화학공학소재연구정보센터
Applied Biochemistry and Biotechnology, Vol.177, No.7, 1480-1492, 2015
Engineering of Alicyclobacillus hesperidum L-Arabinose Isomerase for Improved Catalytic Activity and Reduced pH Optimum Using Random and Site-Directed Mutagenesis
A mutation, D478N, was obtained by an error-prone polymerase chain reaction using the l-arabinose isomerase (l-AI) gene from Alicyclobacillus hesperidum URH17-3-68 as the template. The mutated isomerase showed higher activity for d-galactose isomerization. The mutation site obtained from random mutagenesis was then introduced as a single-site mutation using site-directed mutagenesis. Single-site variants, D478N, D478Q, D478A, D478K, and D478R, were constructed. The optimum temperatures were all higher than 60 A degrees C. D478A, D478N, and D478Q retained more than 80 % of the maximum relative activity of the wild-type l-AI at 75 A degrees C. With the exception of the D478A variant, all variants showed decreased optimum pH values in the acidic range (6.0-6.5).

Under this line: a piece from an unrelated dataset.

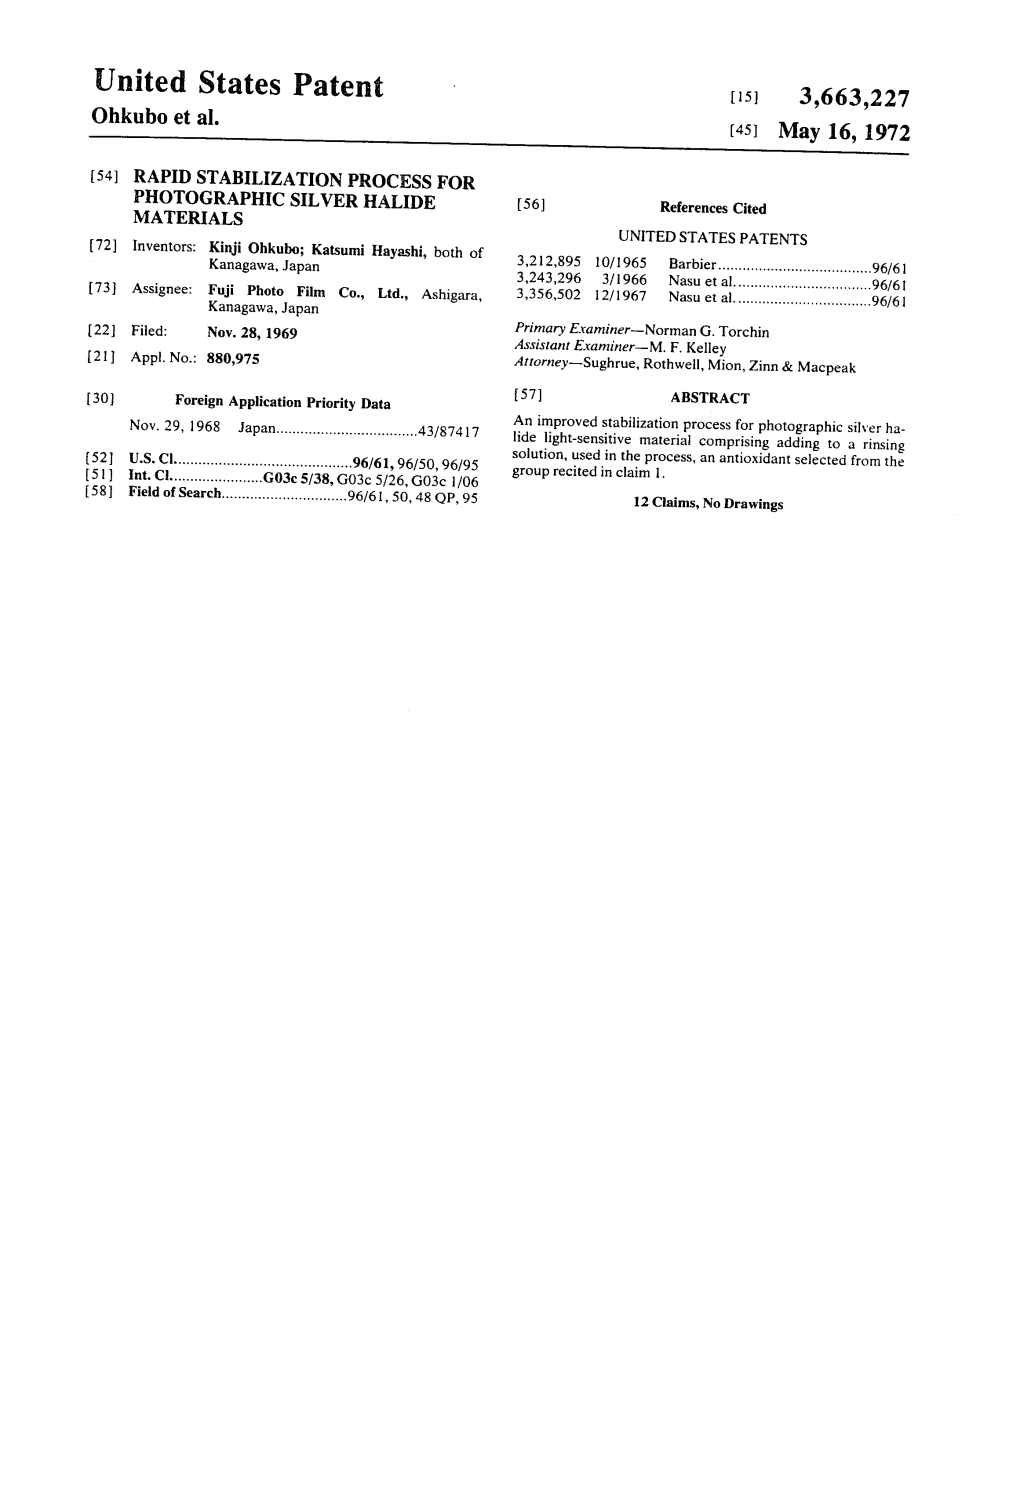 United States Patent (15) 3,663,227 Ohkubo Et Al
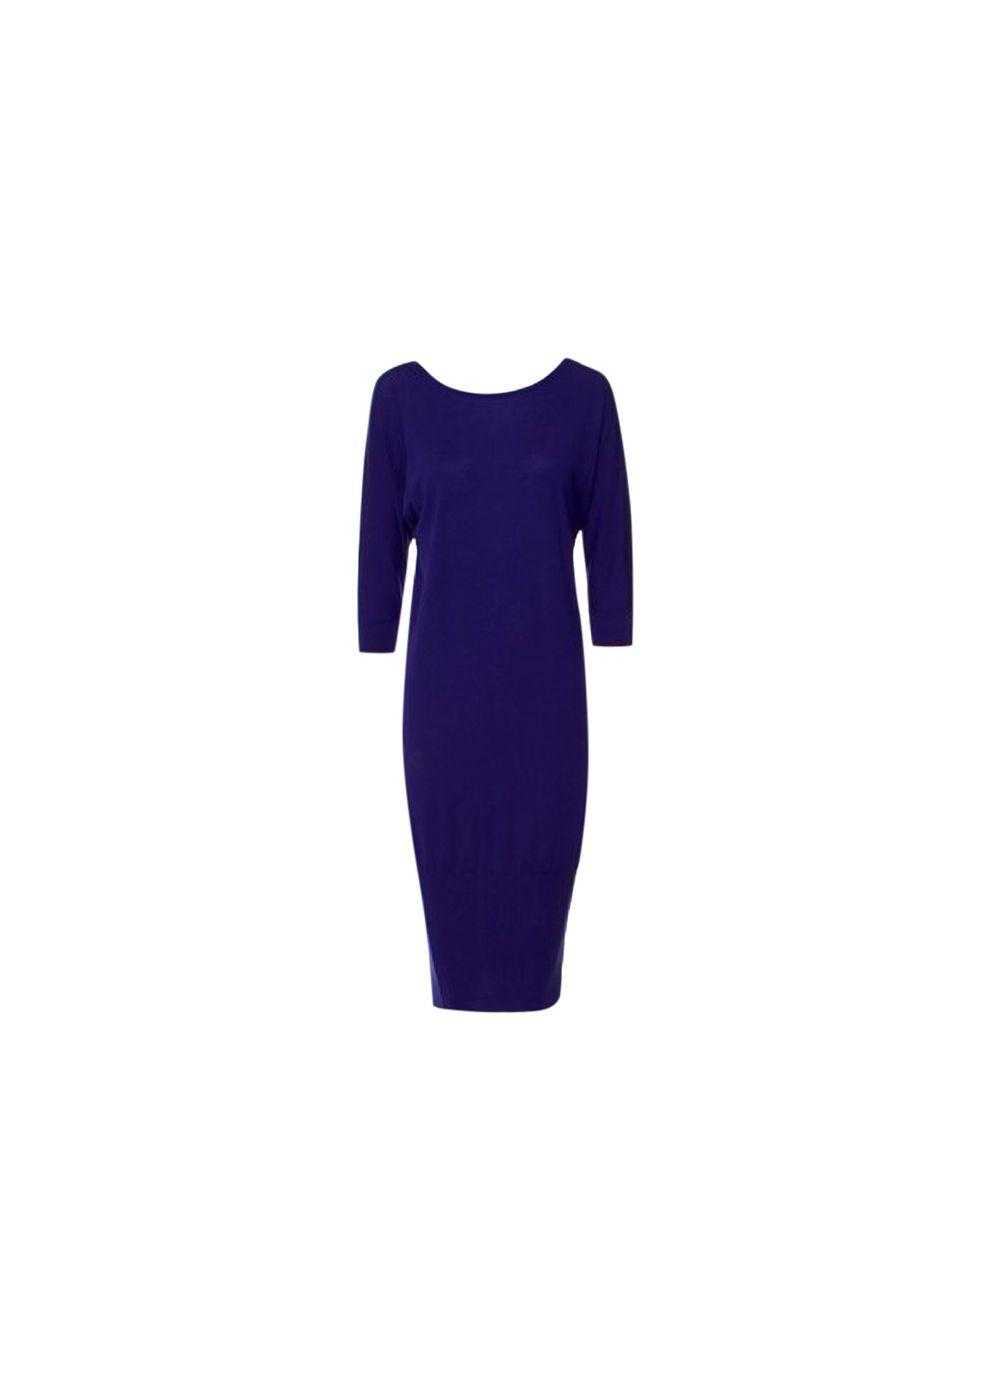 Emilio Pucci Purple wool fine knit jumper dress - image 1

All of the variant l-AIs could be significantly activated by the addition of Co2+ and Mn2+. D478N and D478Q showed higher catalytic efficiencies (k (cat)/K (m)) toward d-galactose than that of wild-type l-AI. In addition, the D478N and D478Q variants exhibited a much higher conversion ratio of d-galactose to d-tagatose at 6.0 than the wild-type l-AI. According to the molecular model, residue D478 was located on the surface of the enzyme and distant from the active site. It was supposed that the charged state of residue 478 may influence the optimum pH for substrate binding or isomerization.